Let $\mu$ be a finite measure on a measurable space $(X, \mathcal{F})$ and let $1 \leq r < s < +\infty$. Prove that for every $f \in L^{s}(X)$, it holds that
$$\frac{||f||_{L^{r}(X)}}{\mu (X)^{1/r}} \leq \frac{||f||_{L^{s}(\Omega)}}{\mu (X)^{1/s}} $$
I am studying for an exam, and this is a previous year's problem. I really have no clue how to approach this problem since I am quite new to $L^{p}$ spaces. I've been working with the definitions, and many of the theorems are confusing to me. I would greatly appreciate any help in approaching this problem. By the way, this is a question from a probability exam so $\Omega$ denotes a sample space.
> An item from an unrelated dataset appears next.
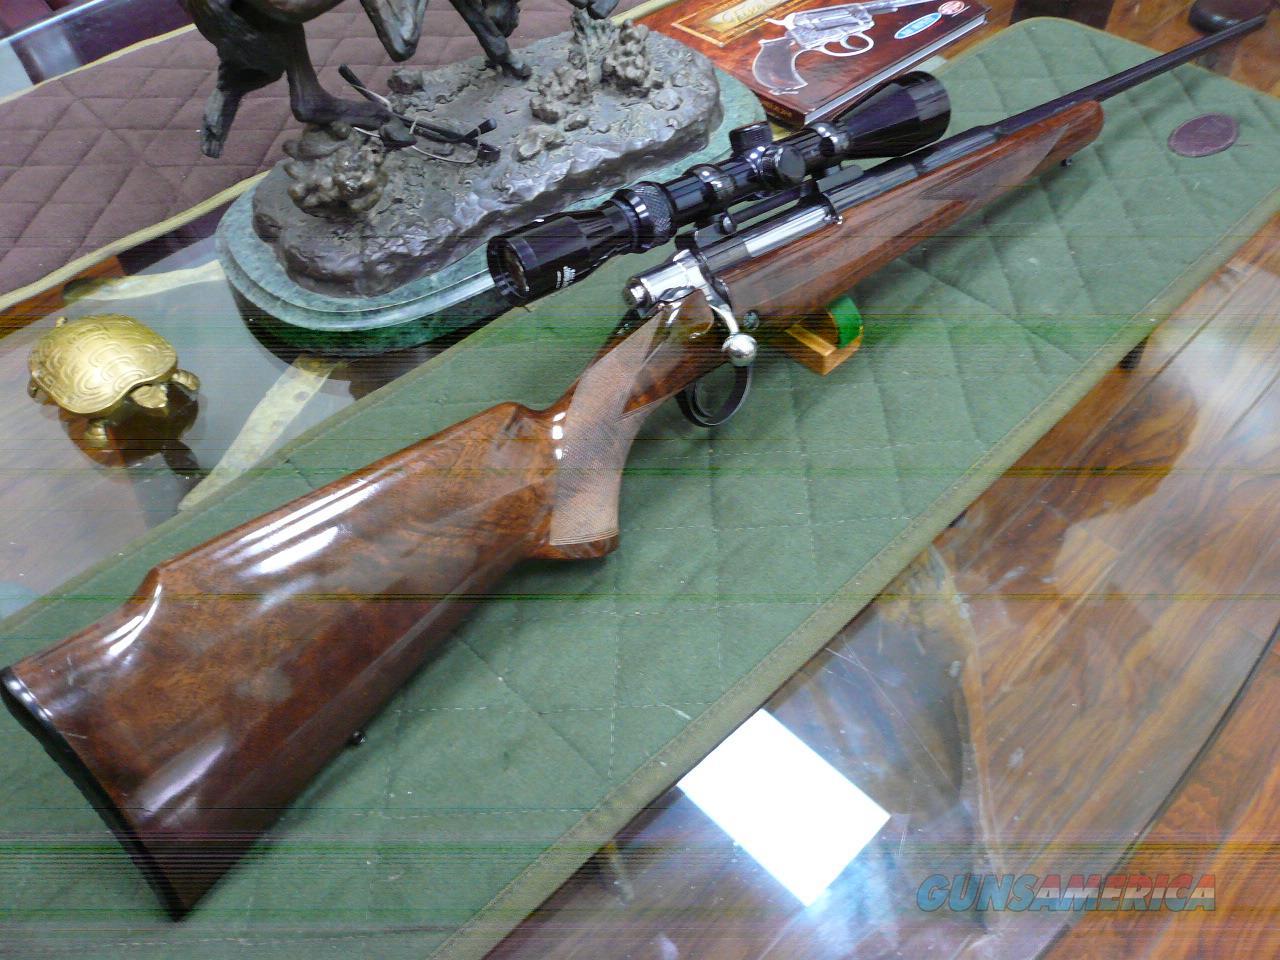 SAFARI GRADE MEDIUM SAKO ACTION (1971?),243 WIN  Guns > Rifles > Browning Rifles > Bolt Action > Hunting > Blue

This is just Holder's in equality: $\int |f |^{r} d\mu =\int (1) (|f |^{r}) d\mu \leq (\int 1^{p} d\mu)^{1/p} (\int |f|^{rq}d\mu)^{1/q}$ where $q=\frac s r$ and $p =\frac q {q-1}$.
This gives $\|f\|_r \leq (\mu(X))^{\frac 1 {pr}}) (\|f_s||)$ since $qr=s$. Now $\frac 1 {pr} =\frac {s-r} {sr}=\frac 1 r-\frac 1 s$. Divide both sides by $(\mu(X))^{1/r}$ to finish the proof.